Guardare fuori significa spesso cercare di evadere, vuol dire cercare ad ogni costo una libertà di cui ci si sente privati, significa tentare di allargare i propri orizzonti o semplicemente di fuggire con la mente. Ma guardare fuori, a volte, equivale a guardarsi dentro.
La finestra, sicuramente un elemento ricorrente in tantissimi dipinti frutto dell’estro di numerosi artisti di varie epoche e correnti, assume in questo caso un valore diverso, veste un ruolo inconsueto, ma carico di significato. Se ciò che viene suscitato da questo dipinto potesse essere riassunto in una parola, questa sarebbe “attesa”, un’attesa angosciante e difficile da sostenere, che si prospetta come interminabile, forse eterna.

Ragazza alla finestra”, l’opera di Edvard Munch datata 1893 e attualmente conservata presso l’Art Institute di Chicago, si configura come una perfetta rappresentazione di questo senso di attesa vissuta in maniera introspettiva: se si osserva attentamente il dipinto, infatti, si può notare come, a livello di rappresentazione dell’ambiente circostante, l’interno dell’abitazione in cui si trova la ragazza occupi gran parte dello spazio, e come non sia permesso all’osservatore di guardare cosa ci sia oltre la finestra, ma solo di percepirne la luce. L’ambiente esterno diventa marginale, e questa scelta a livello operativo può essere paragonata alla volontà, sul piano concettuale, di dare maggiore rilievo all’“ambiente interno” della ragazza, piuttosto che a ciò che le accade intorno.

A colpire l’osservatore sono, poi, certamente le pennellate vibranti e la scelta dei colori: predominano il marrone e il blu, contrastati dal bianco della camicia indossata dalla fanciulla e dalla luce della luna, anch’essa bianca, che filtra nella stanza attraverso il blu. Sembra ricorrere di nuovo l’aspetto introspettivo: l’ambiente esterno viene “proiettato” sulla protagonista del dipinto, come se ciò che sta attendendo sia dentro di lei. È lei l’unico elemento di luce nella cupezza del quadro, è lei a segnare il confine tra le dimensioni. Come ad avvalorare il concetto, importante è anche la direzione dello sguardo della ragazza: non è proiettato verso l’esterno, verso ciò che si trova oltre la finestra, bensì è rivolto a terra. Ancora una volta, sembra che la protagonista stia riflettendo, stia cercando delle risposte dentro di sé.
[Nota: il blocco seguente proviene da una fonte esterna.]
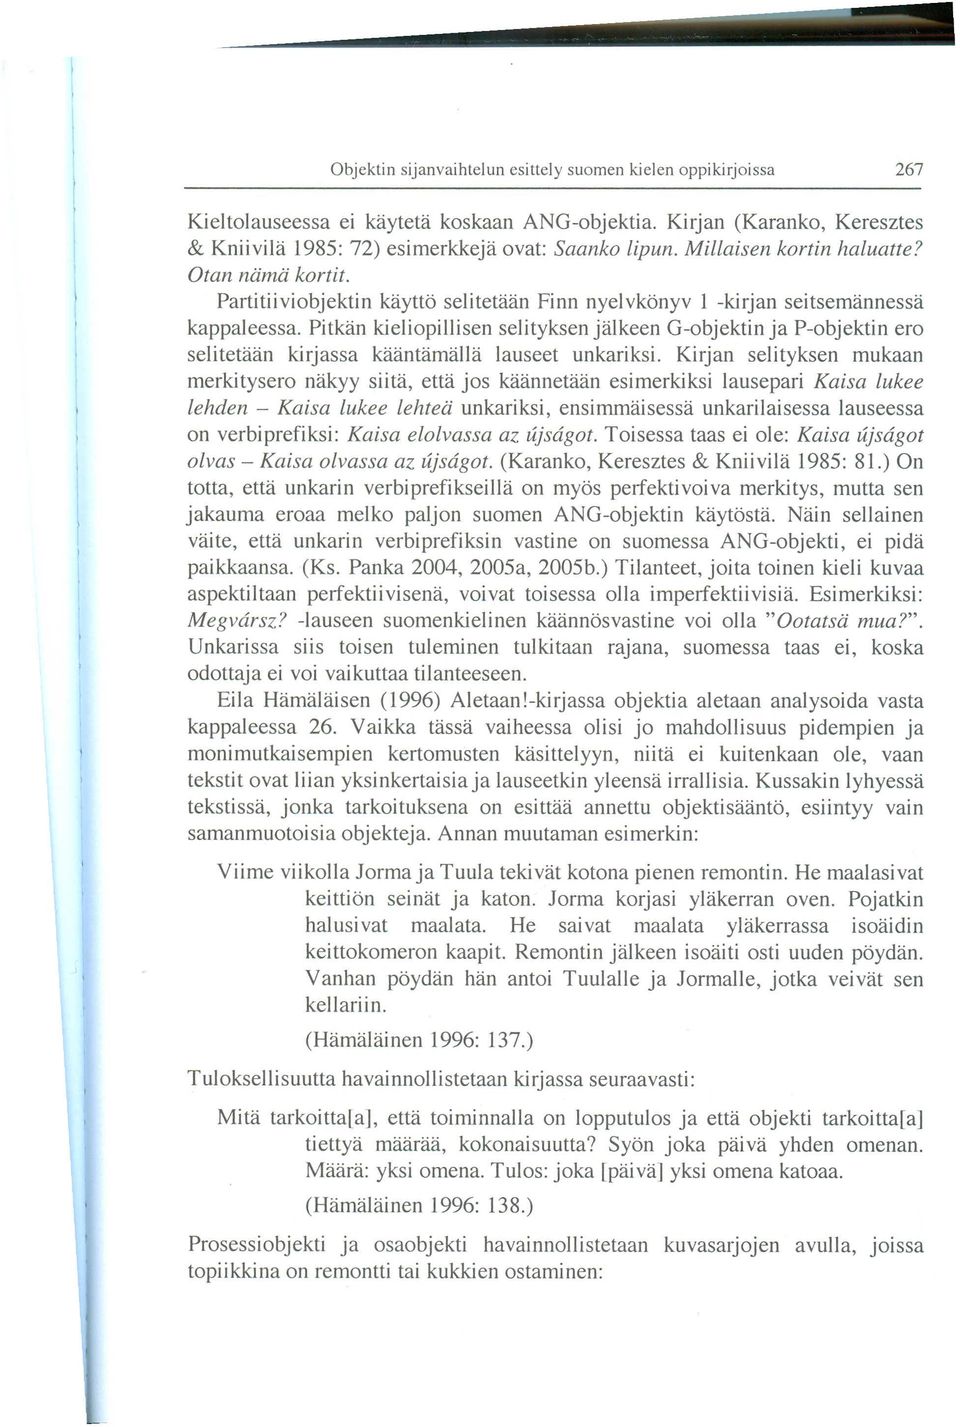 Pitkan kieliopillisen selityksen jalkeen G-objektin ja P-objektin era selitetaan kirjassa kaantamalla lauseet unkariksi.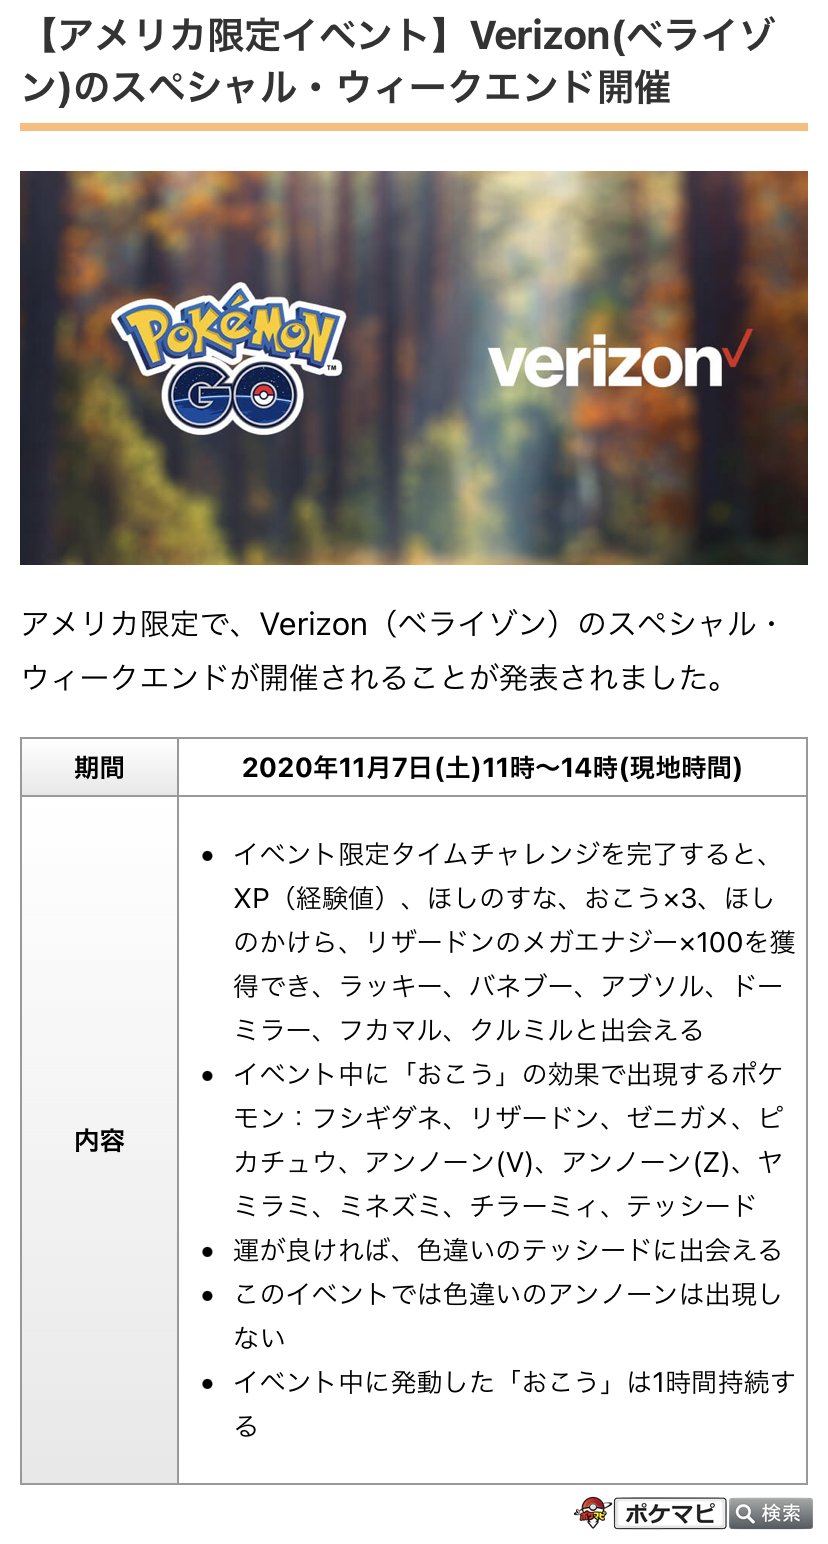 ポケモンgo攻略情報 ポケマピ アメリカ限定イベント Verizon ベライゾン のスペシャル ウィークエンドの開催 限定着せ替えアイテムの追加などについて発表されています イベント日時 年11月7日 土 11時 14時 現地時間 詳細

Edvard Munch (Løten, 12 dicembre 1863 – Oslo, 23 gennaio 1944), pittore norvegese tra i massimi esponenti della corrente espressionista, si avvicinò all’arte quando, dopo una serie di disgrazie familiari, trovò in essa una sorta di rifugio, di distrazione, nonostante l’ambiente in cui rimase fosse piuttosto malinconico e a tratti macabro. Ad influenzare il suo modo di rappresentare fu, probabilmente, anche la formazione scelta per Edvard dal padre, che lo avviò alla dimensione horror-psicologica dello scrittore statunitense Edgar Allan Poe, e in generale la sua arte risultò spesso pervasa da una vena malinconica e quasi struggente.

Anche in questo caso, non si può non notare la malinconia che inevitabilmente traspare dal dipinto: la ragazza, in preda all’inquietudine, sembra volersi aggrappare alla realtà, e lo fa stringendo i lembi della tenda che copre a stento la finestra, il mezzo di comunicazione con l’ambiente esterno. Accade quindi che, diversamente dalla maggior parte dei dipinti, in cui il personaggio presente nel quadro fa da tramite per far interagire visivamente l’osservatore con l’ambiente esterno che si trova oltre la finestra, in questo caso l’intento dell’artista sia quello di permettere a chi osserva di immedesimarsi nel personaggio, di vivere e di percepire la sua inquietudine e il suo fortissimo senso di solitudine.